Tony Breu Profile picture
Nov 19 15 tweets 7 min read
1/15
🤔Why do antibiotics reduce the risk of rebleeding after acute variceal hemorrhage?

I understand why antibiotics reduce infections, but the mechanism by which they reduce rebleeding is not immediately apparent.

Let's have a look.
2/
First, let's confirm that antibiotics DO decrease the risk of rebleeding after acute variceal hemorrhage.

A 2011 meta-analysis found that prophylactic antibiotics reduce the following:

➤Rebleeding episodes: RR 0.53
➤Rebleeding at 7 days: RR 0.24

pubmed.ncbi.nlm.nih.gov/21707680/
3/
To understand why antibiotics affect bleeding, it is important to recognize that bacterial infections are independently associated with failure to control bleeding in cirrhotic patients with gastrointestinal bleeding.

pubmed.ncbi.nlm.nih.gov/9581672/
4/
Another study found bacterial infections were associated with more early rebleeding:

💥44% vs. 10% without infection💥

And on a multivariate analysis, ONLY bacterial infections predicted early rebleeding.

pubmed.ncbi.nlm.nih.gov/7768389/
5/
So, bacterial infections are associated with rebleeding, and antibiotic prophylaxis reduces the rates of rebleeding.

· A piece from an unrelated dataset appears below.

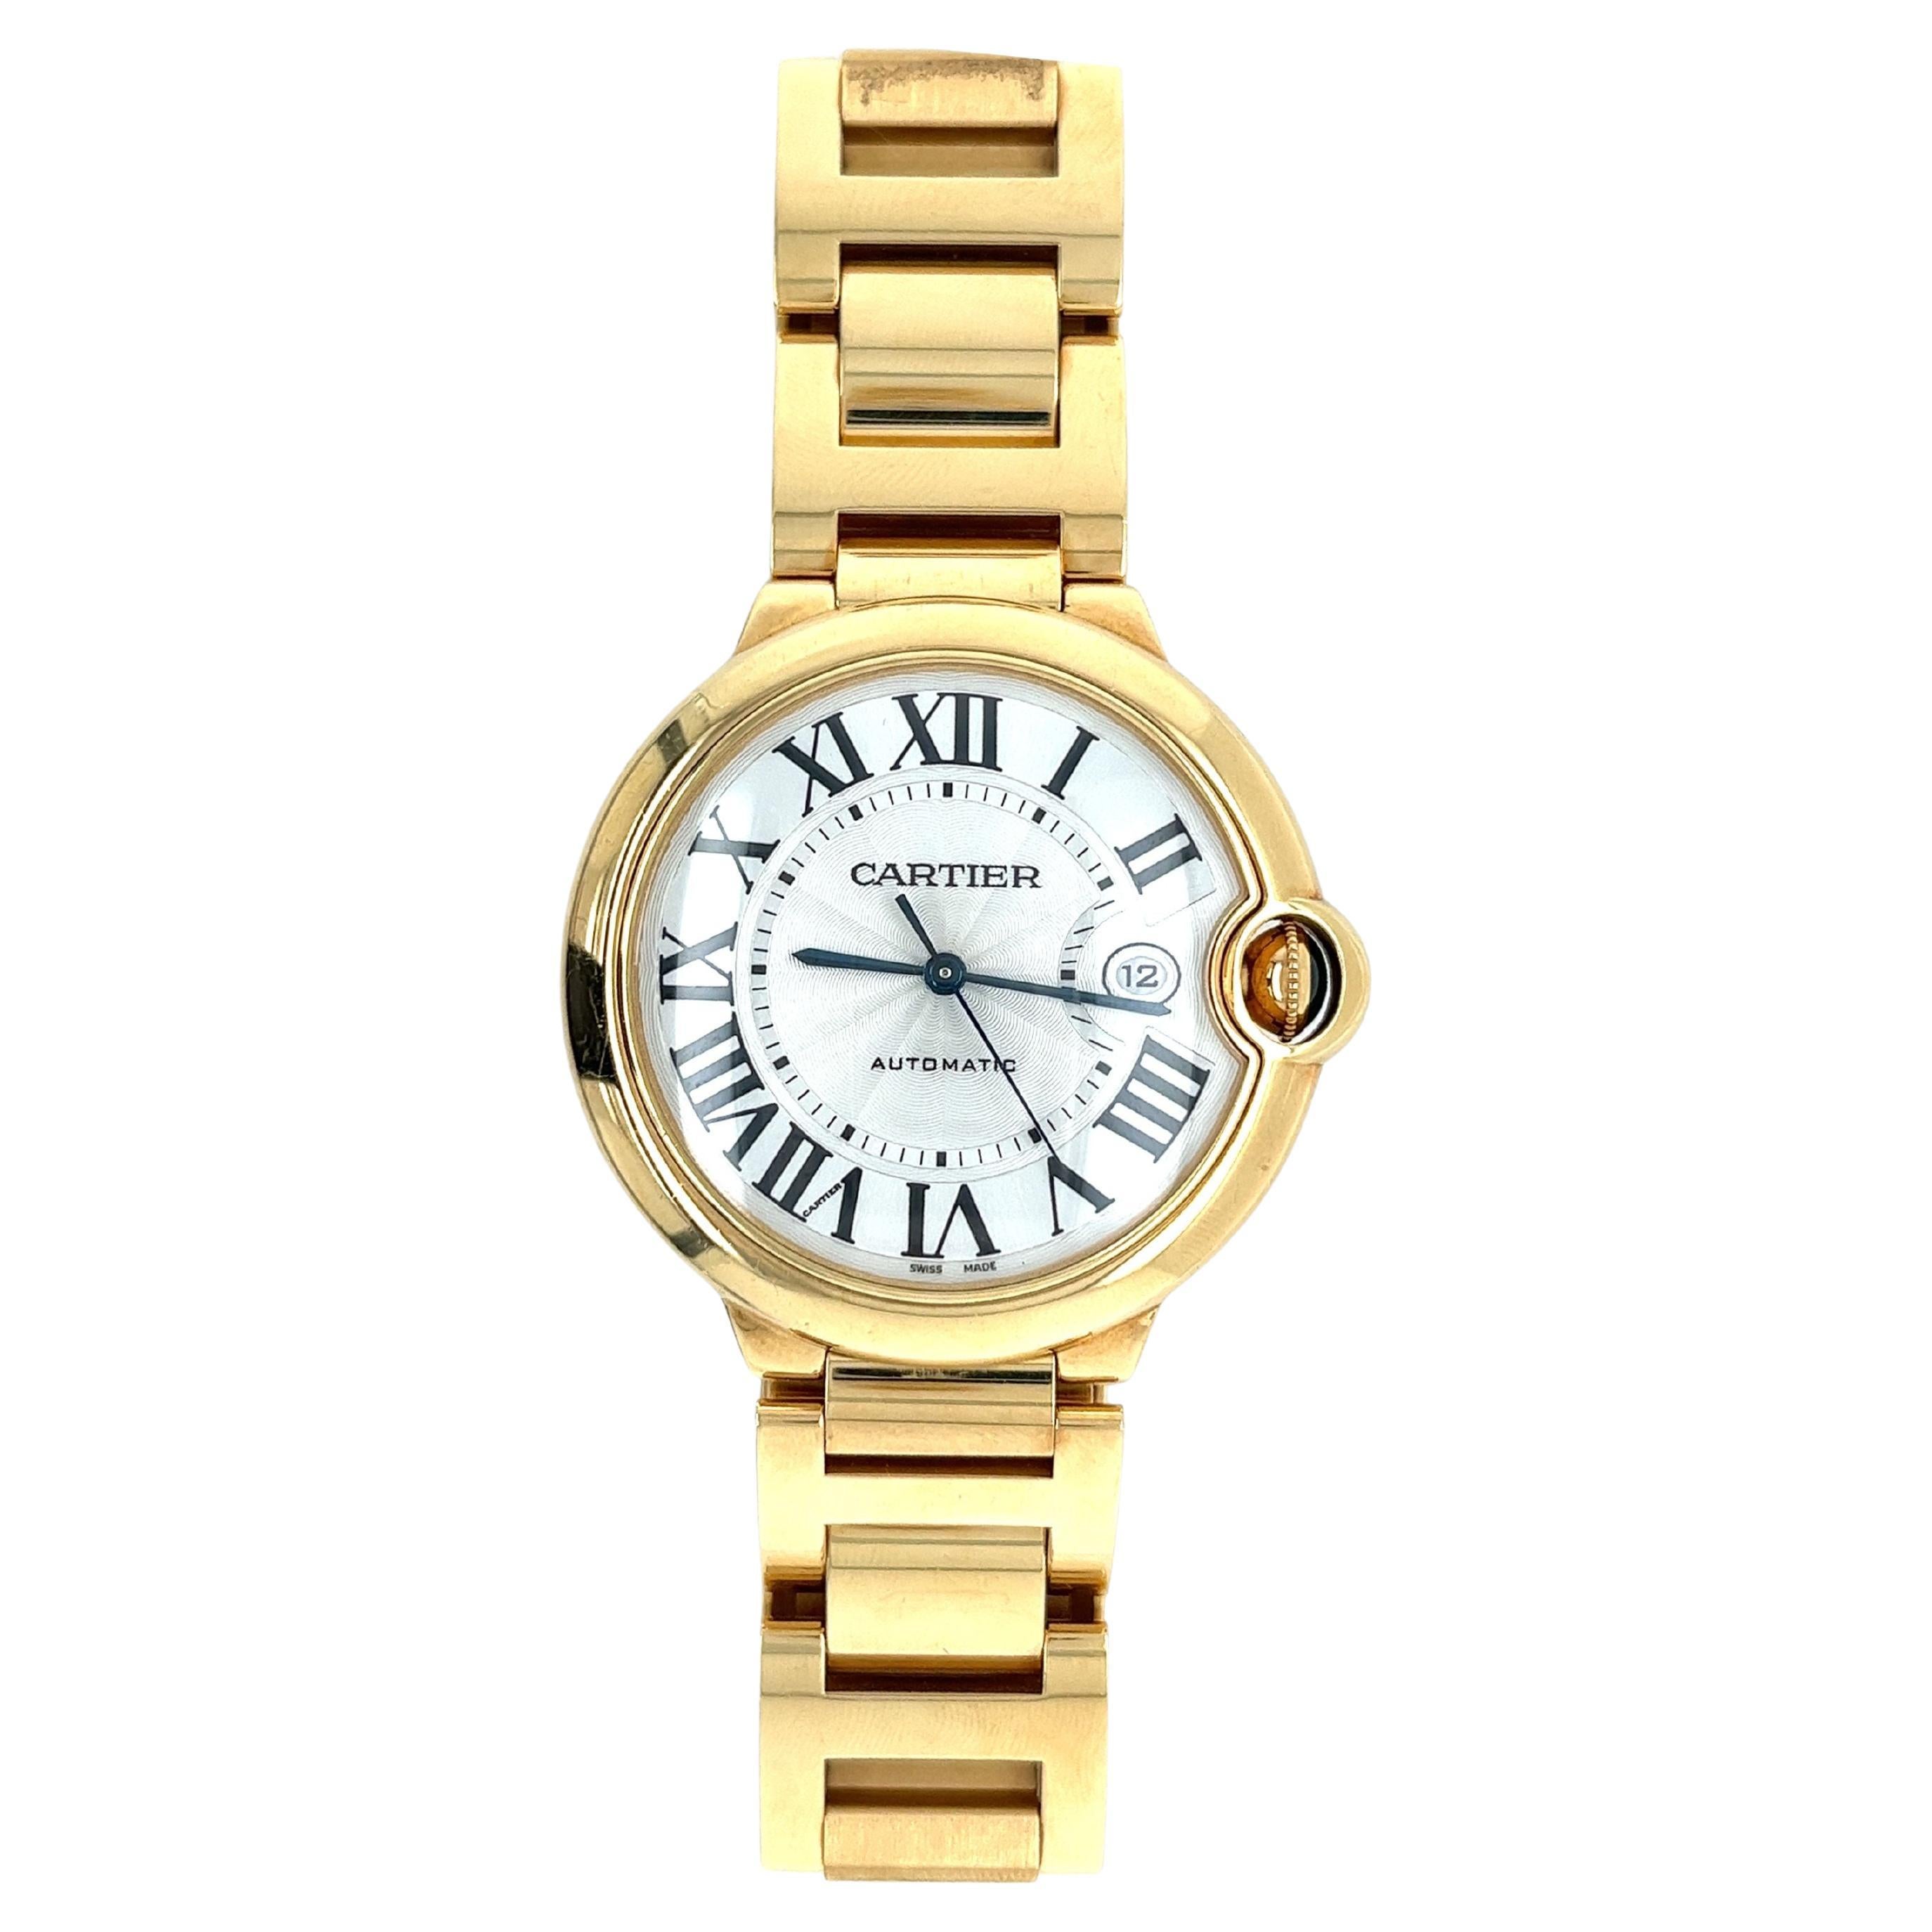 Cartier Ballon Bleu Jumbo Large Size Mens Watch in 18k Gold with Box/Papers For Sale
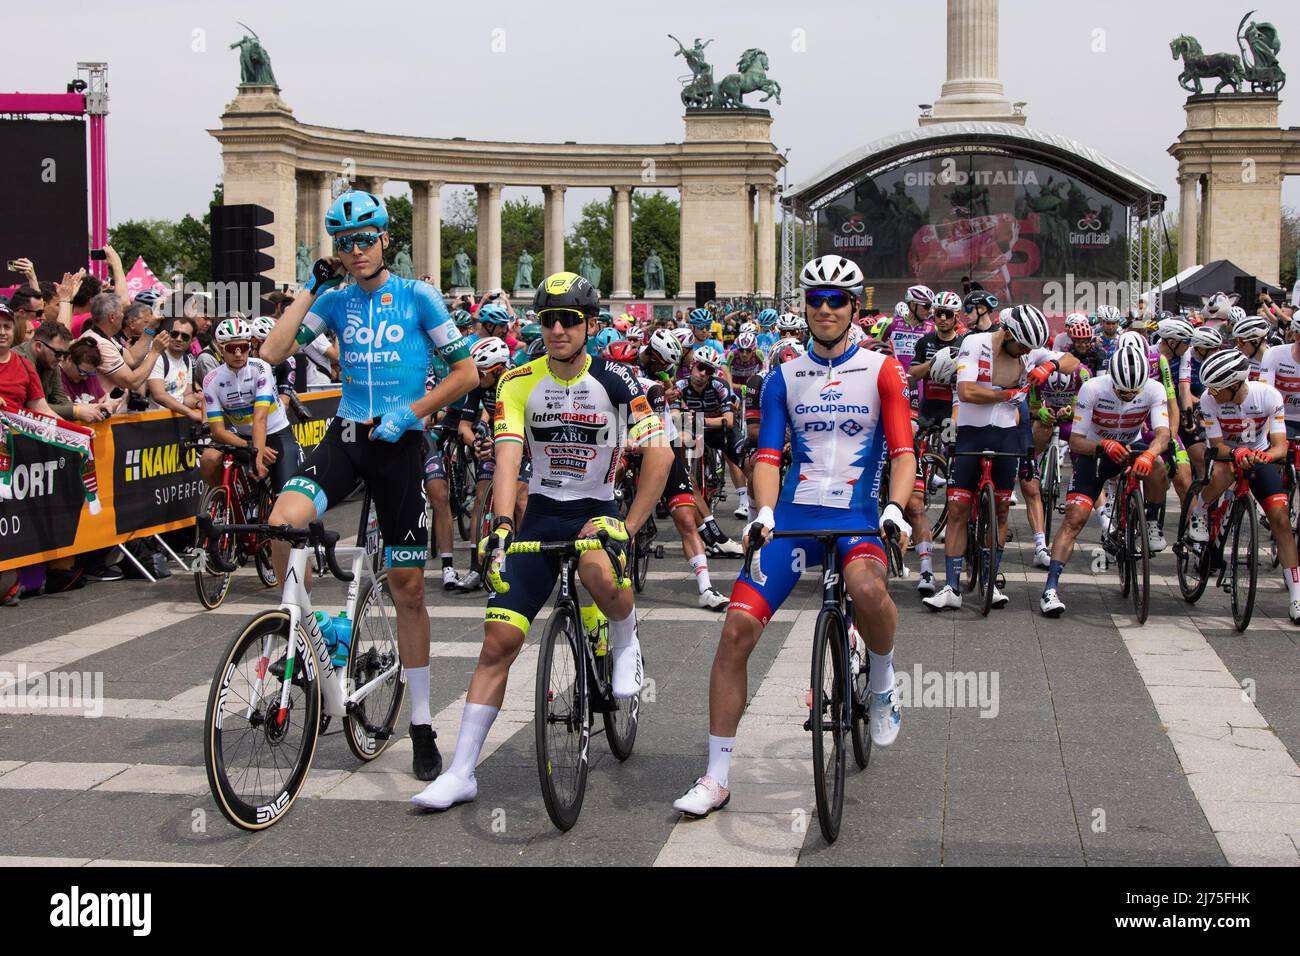 (220506) -- BUDAPEST, May 6, 2022 (Xinhua) -- Hungarian riders Erik Fetter of Eolo-Kometa Cycling Team, Barnabas Peak of Team Intermarche-Wanty-Gobert Materiaux, and Attila Valter of Team Groupama-FDJ (L to R) pose before the start of the Giro d'Italia 2022 bike race in Budapest, Hungary, May 6, 2022. The 2022 Giro d'Italia began on Friday in Hungary's capital Budapest, marking the beginning of the European cycling season. (Photo by Attila Volgyi/Xinhua) Stock Photo

At least three factors explain this:

↑Heparin effect
↑Endothelin-1
↓Platelet function

ncbi.nlm.nih.gov/pmc/articles/P…
6/
One study found a significant heparin effect in:

➤28/30 with cirrhotics AND infection
➤0/30 with cirrhosis but no infection
➤0/5 with infection but no cirrhosis

The heparin effect completely reversed after the resolution of the infection.

pubmed.ncbi.nlm.nih.gov/12217599/
7/
The increased heparin effect seen in bacterial infection might be due to one or both of the following:

☞Endothelial injury and heparin release
☞Mast cell activation and heparin release

ncbi.nlm.nih.gov/pmc/articles/P…
8/
But there's more!

Heparin is cleared by the liver. As a result, the half-life of heparin is longer in those with cirrhosis compared to controls.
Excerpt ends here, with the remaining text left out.